> _Work required_:
Every line between the one containing "12 Packs: 10" and the last line of the data, both included, is to be set down exactly, and pictures are to be omitted.

== Raw data

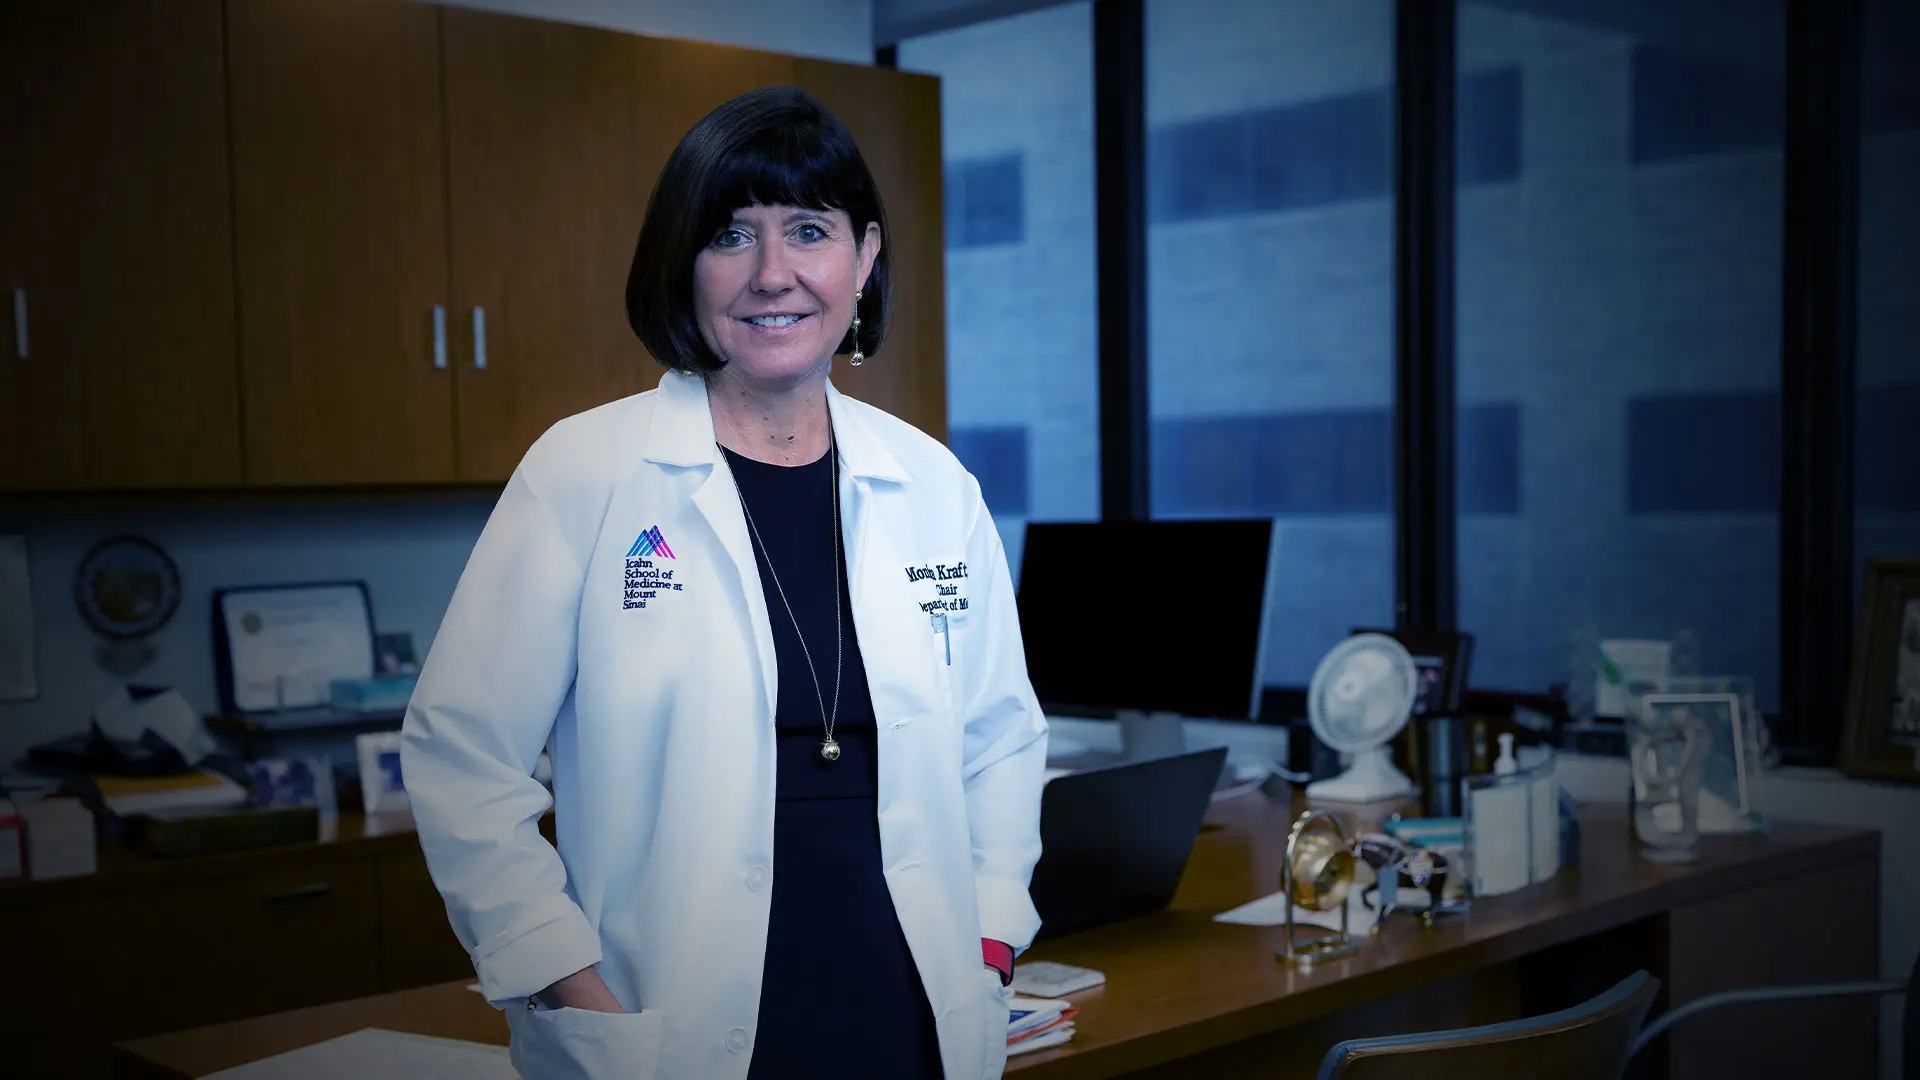 Asthma and COPD Expert Is Mount Sinai's New Chair of Medicine
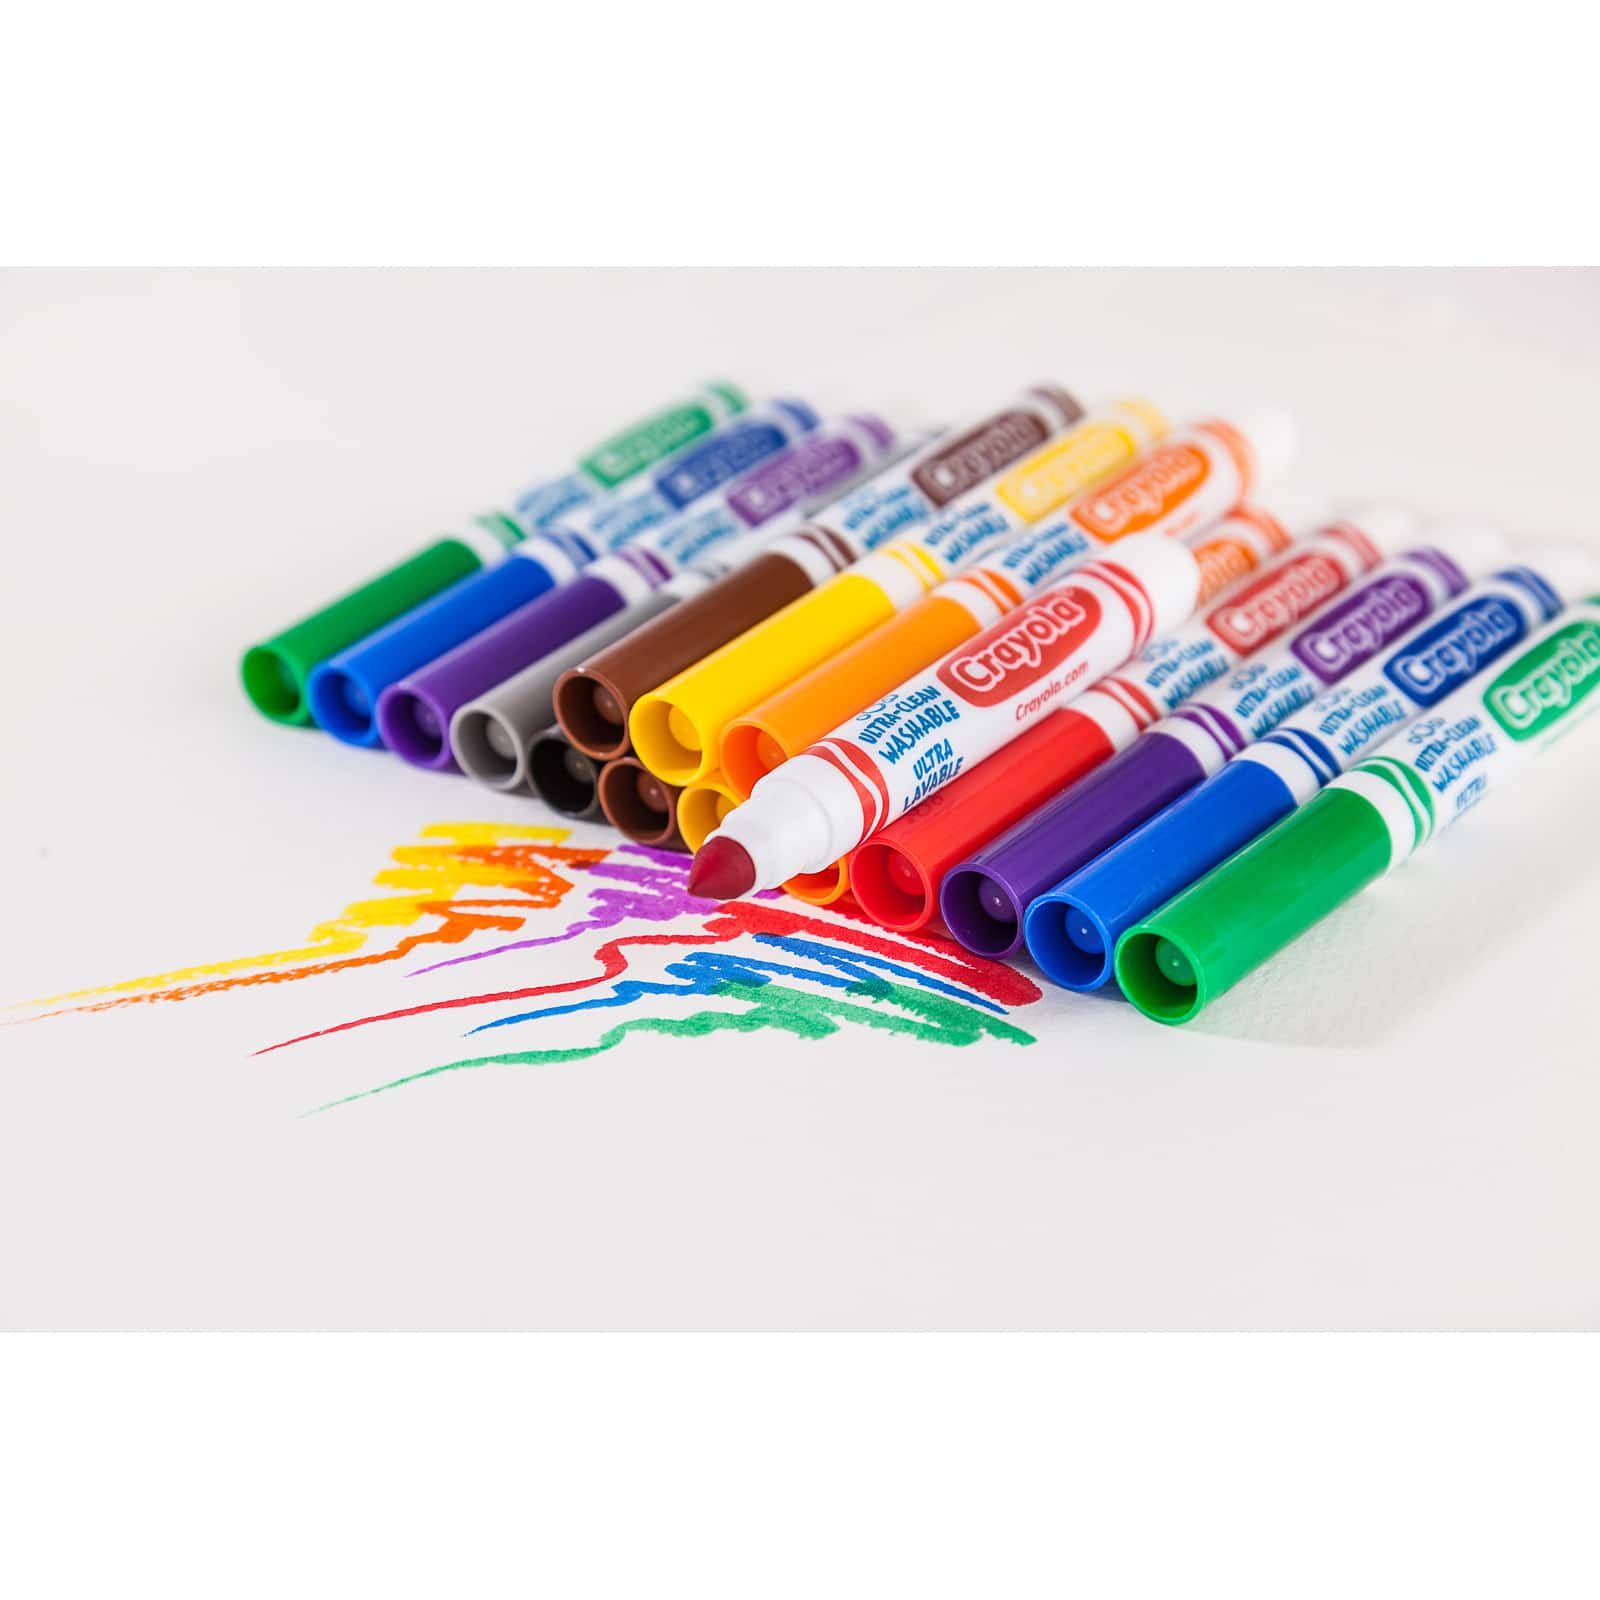 12 Packs: 10 ct. (120 total) Crayola® Ultra-Clean Fine Line Classic Color  Markers
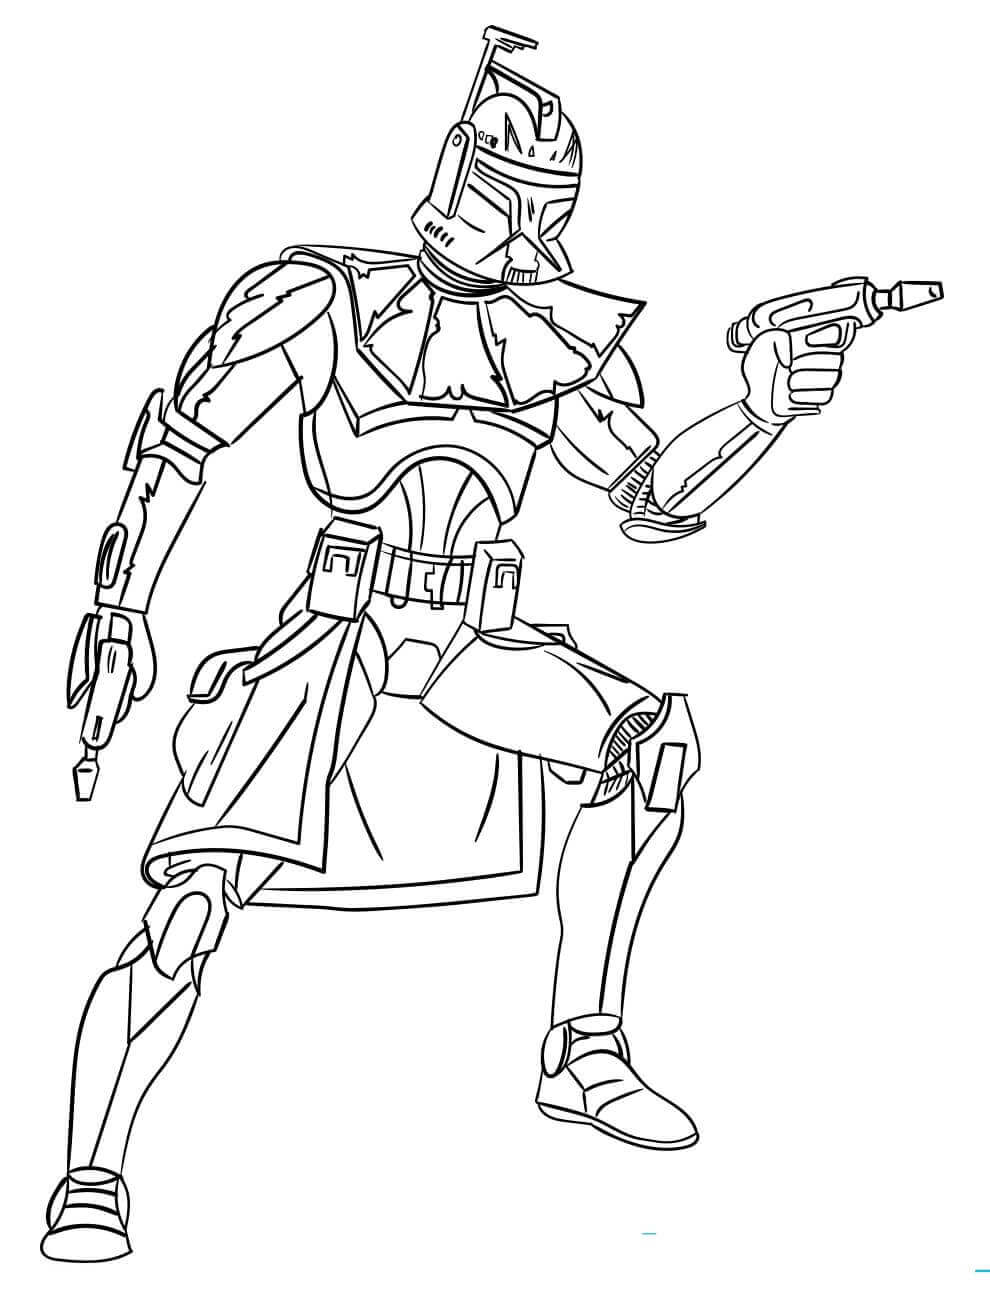 Captain Rex from Star Wars coloring page
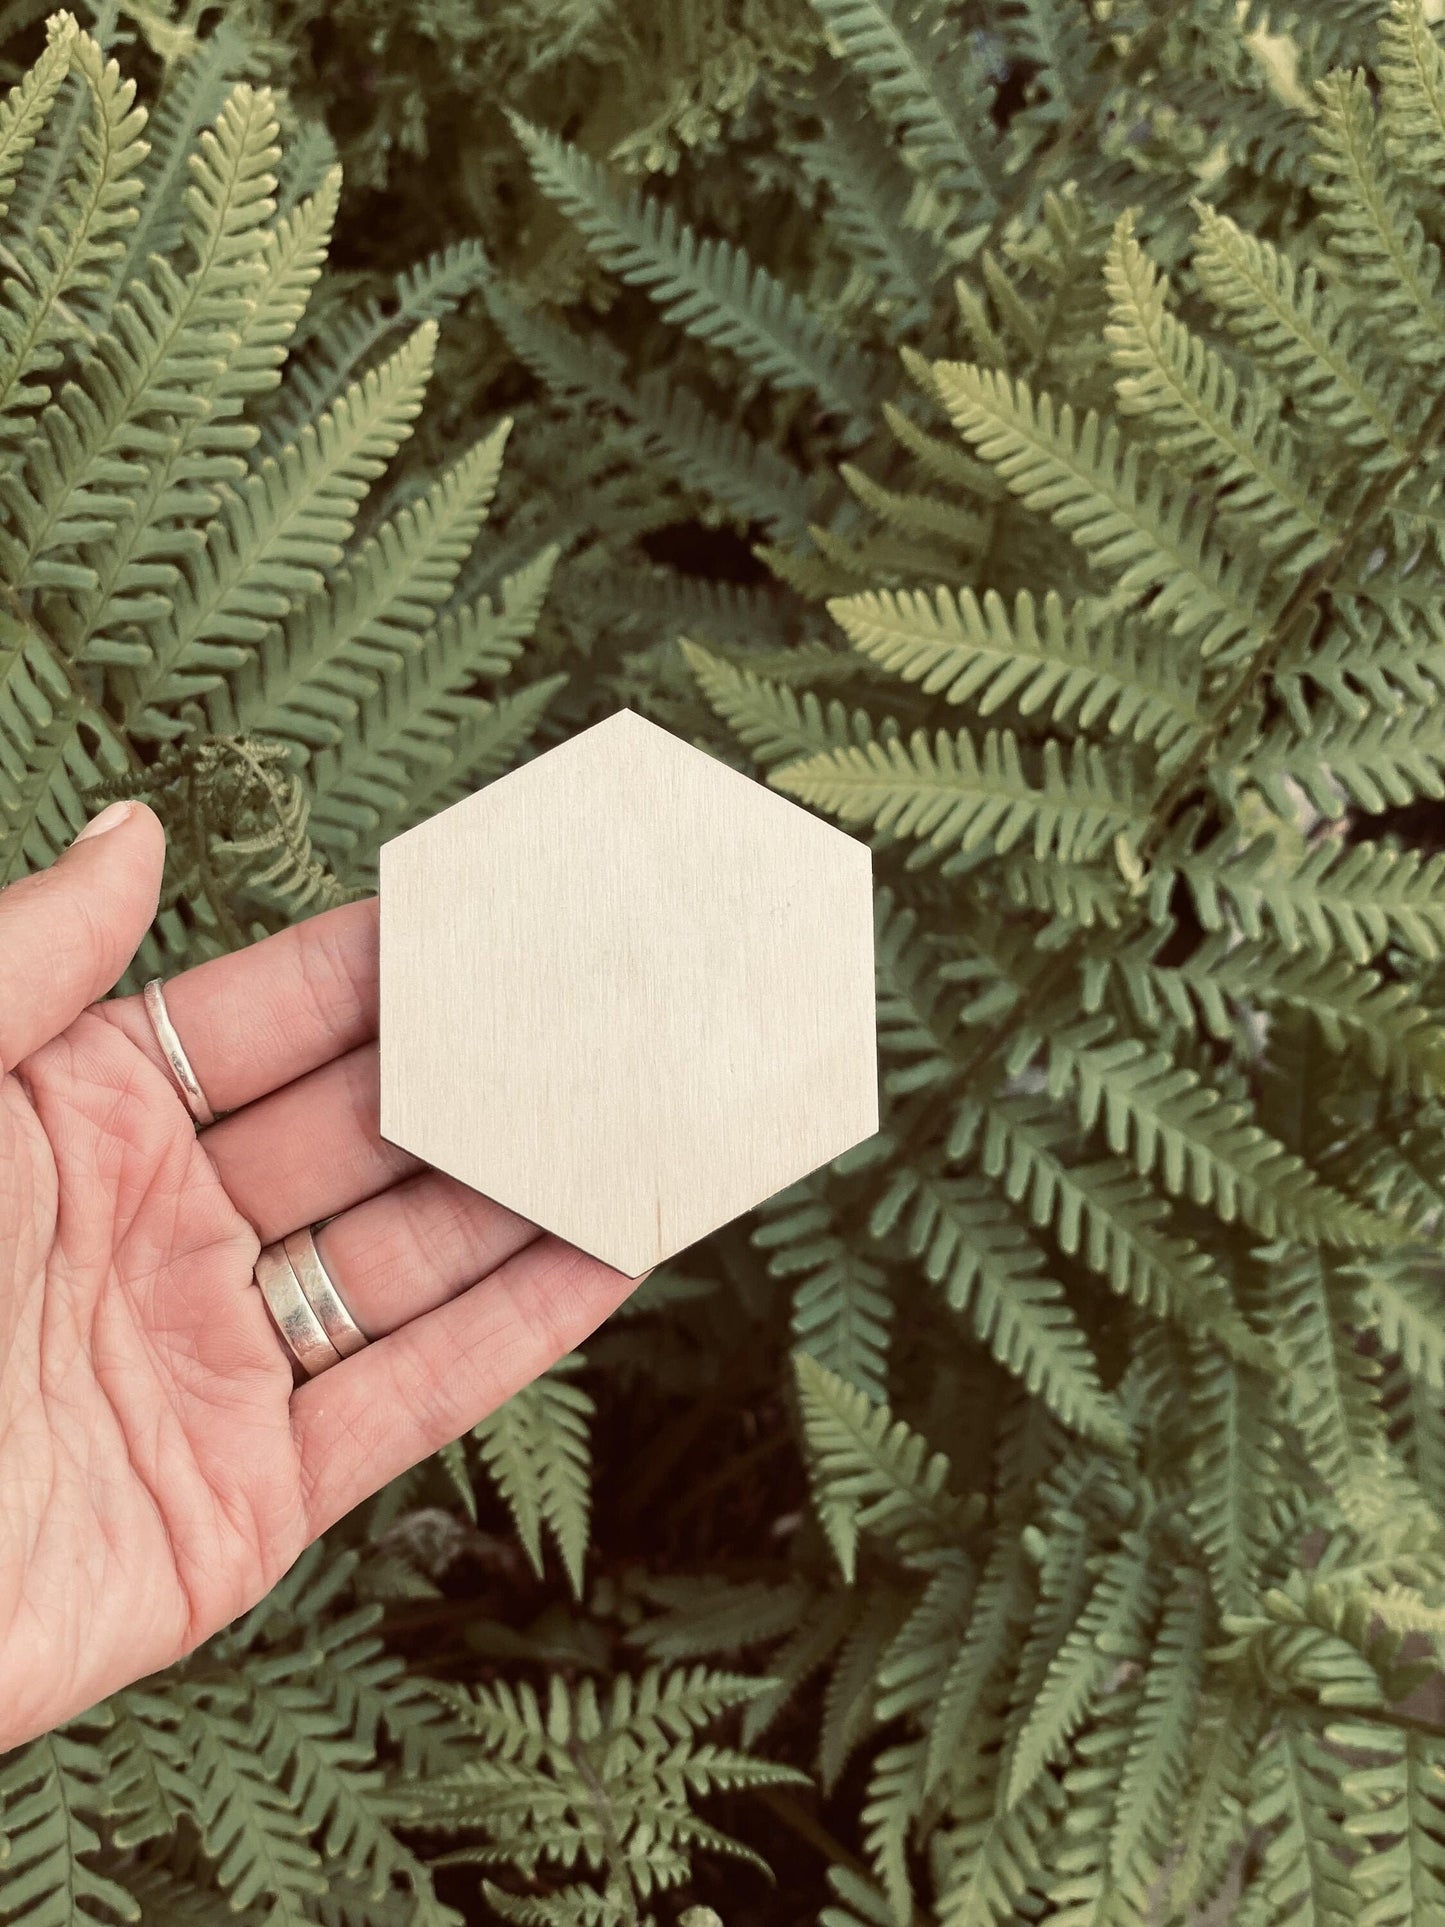 10x Wooden Hexagons / Hollow Hexagons from 30mm Wide  | 3mm Thick Laser Cut Plywood Blanks | Craft Shapes

====

> _Answer box_:
 12 Packs: 10 ct. (120 total) Crayola® Ultra-Clean Fine Line Classic Color  Markers
 Captain Rex from Star Wars coloring page
 10x Wooden Hexagons / Hollow Hexagons from 30mm Wide  | 3mm Thick Laser Cut Plywood Blanks | Craft Shapes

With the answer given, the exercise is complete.